Дядя Джак покачал головой.
– Нет, дитя мое, сказал он, мне должно ехать с отцом, в Лондон. Вы все, в этих делах, ничего не смыслите: я повидаюсь с книгопродавцами; я знаю, как с этими господами говорить. Нужно и литературные круги приготовить к появлению книги. Конечно с моей стороны это жертва. Журнал мой пострадает, это я знаю; но дружба и польза отечества для меня выше всего.
– Добрый Джак! сказала ласково матушка.
– Я этого не потерплю, сказал отец. Здесь вы имеете хороший доход вы полезны себе, а что касается до книгопродавцев, то когда сочинение совсем будет готово, вы можете приехать в город на неделю и уладить дело.
– Бедный Остин! сказал дядя Джак, с чувством превосходства и сострадания – неделя!
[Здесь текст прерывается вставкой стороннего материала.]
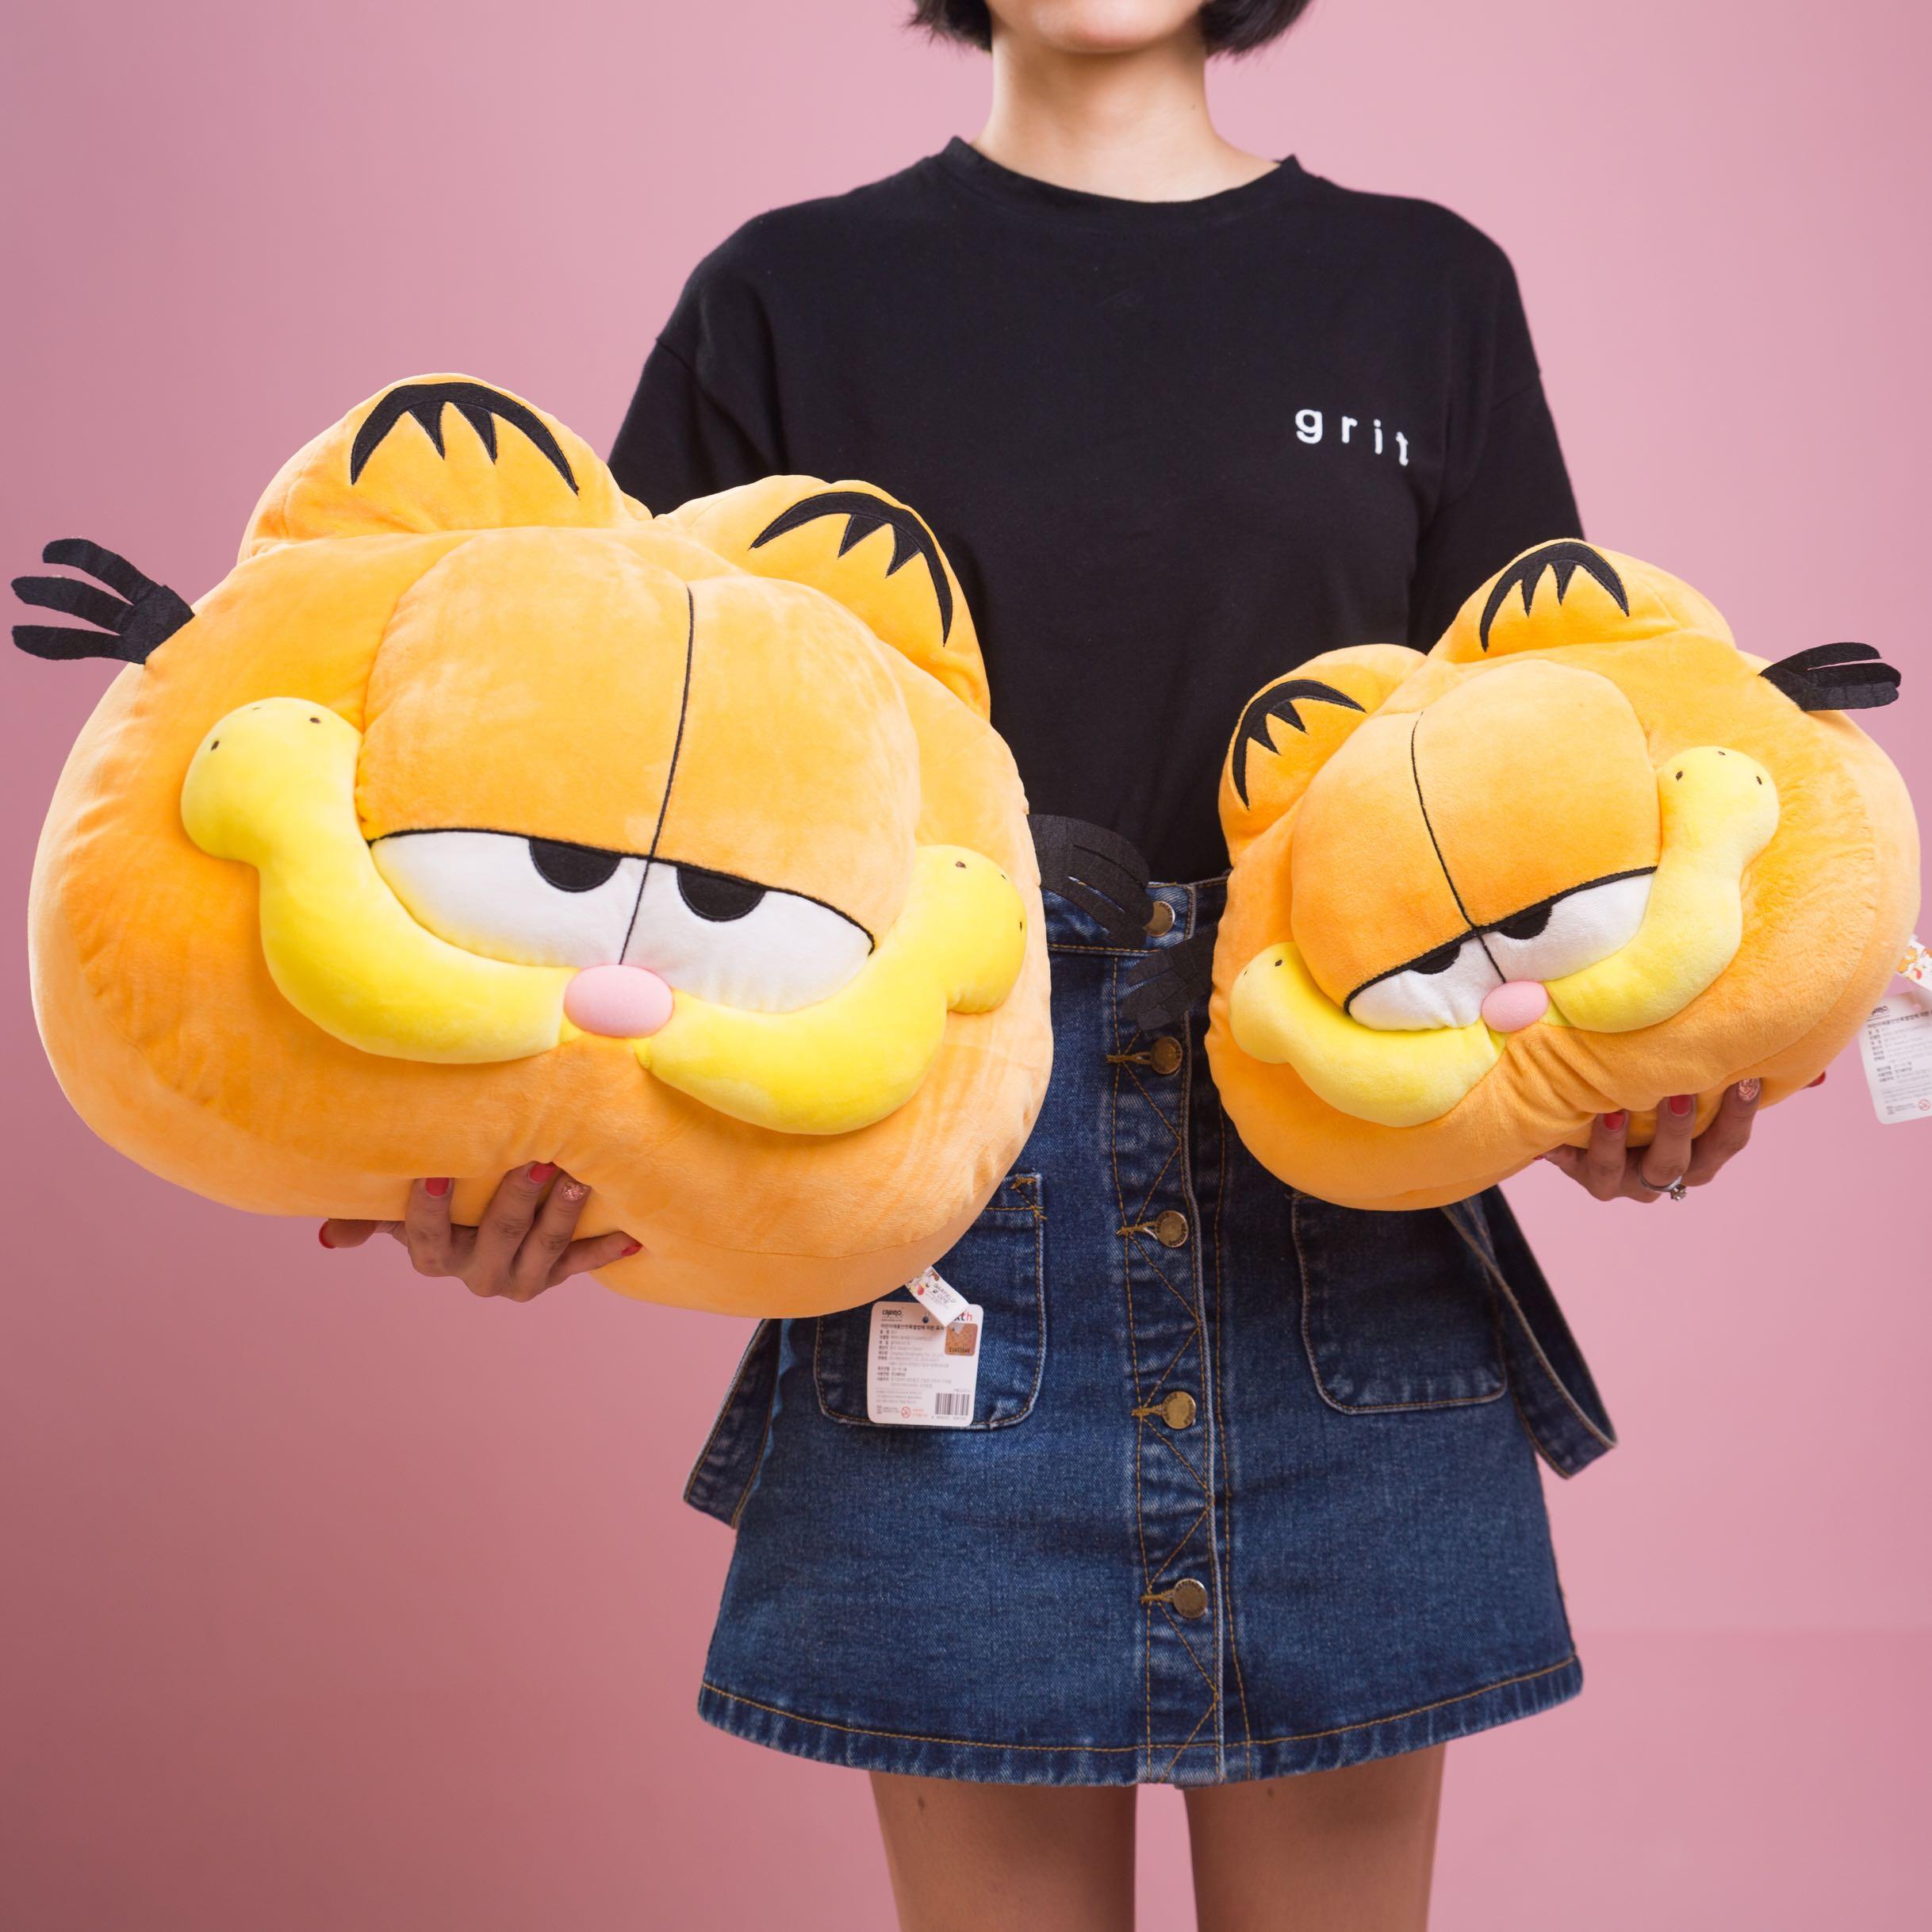 Cat Big Garfield Pet Cat Pillows Shorthair Animals Dolls Pendant Stuffed Plush Keyring, Key Holder Doll Gift Free Shipping
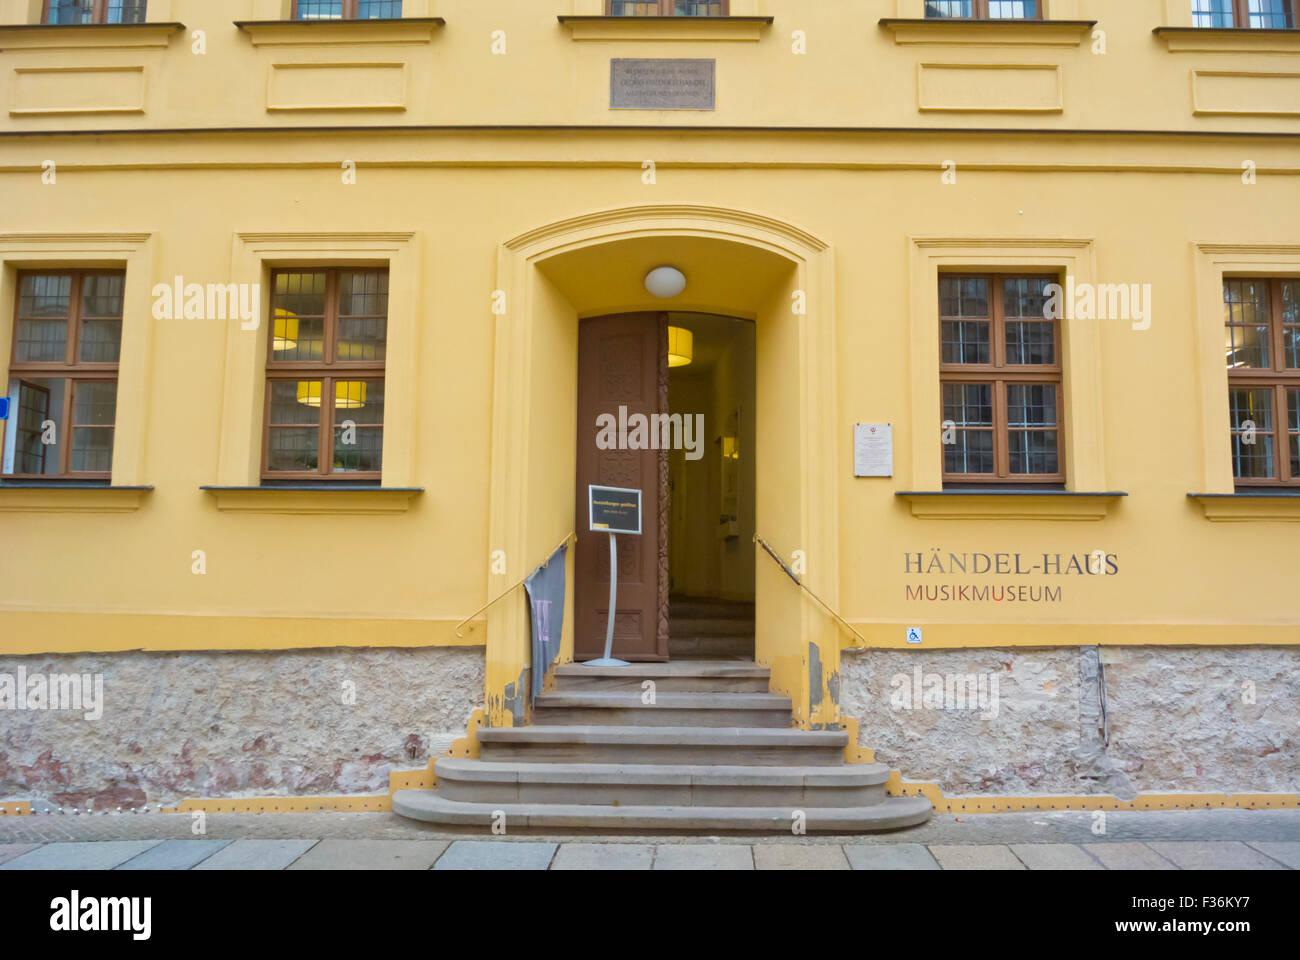 Musikmuseum, Music museum, Händel Haus, birthplace of Georg Friedrich Händel, Halle, Saxony-Anhalt, Germany - Stock Image

Сэр! успех книги требует целых месяцев приготовления. Я не гений, я человек практический) я знаю, что нужно. Оставьте мена в покое. – Но отец продолжал упрямиться, и дядя наконец замолчал. Путешествие в Лондон за славой было решено, но отец не хотел и слышать, чтоб я остался.
– Нет, Пизистрату тоже надо ехать в Лондон посмотреть на свет; утка как-нибудь уж тут сама…
Глава IV.
Мы послали с вечера занять необходимое число мест – всего четыре (в том числе место для миссис Примминс) в публичной карете, под фирмою Солнца, которая была заведена издавна для удобства окрестности населения.
Это светило, восходившее в небольшом городке, милях в семи от нас, сперва описывало несколько неопределенную орбиту между окрестными деревнями, потом уже выходило на большую дорогу освещения, по которой и продолжало путь в виду смертных, с величественной быстротой шести с половиною миль в час. Отец мой с карманами, набитыми книгами и с in guarto Джебена «о первобытном мире» (для легкого чтения) под мышкой, мать с небольшой корзинкой, наполненной сандвичами и бисквитами собственного печения; миссис Примминс, с новым зонтиком, купленным для этого случая, – клеткой, в которой сидела канарейка, – её любимица не столько за голос, сколько за почтенные лета, и с трубочкой, которою она успешно ее кормила, и я: все мы ждали у ворот, готовясь приветствовать небесного гостя. Садовник, с тележкой набитой ящиками и чемоданами, стоял не много поодаль; а человек, который должен был приехать, лишь только мы найдем квартиру, взобрался на пригорок, с тем, чтобы высмотреть восход ожидаемого солнца и известить нас о его появлении, посредством условленного знака носовым платком, привязанным на палке.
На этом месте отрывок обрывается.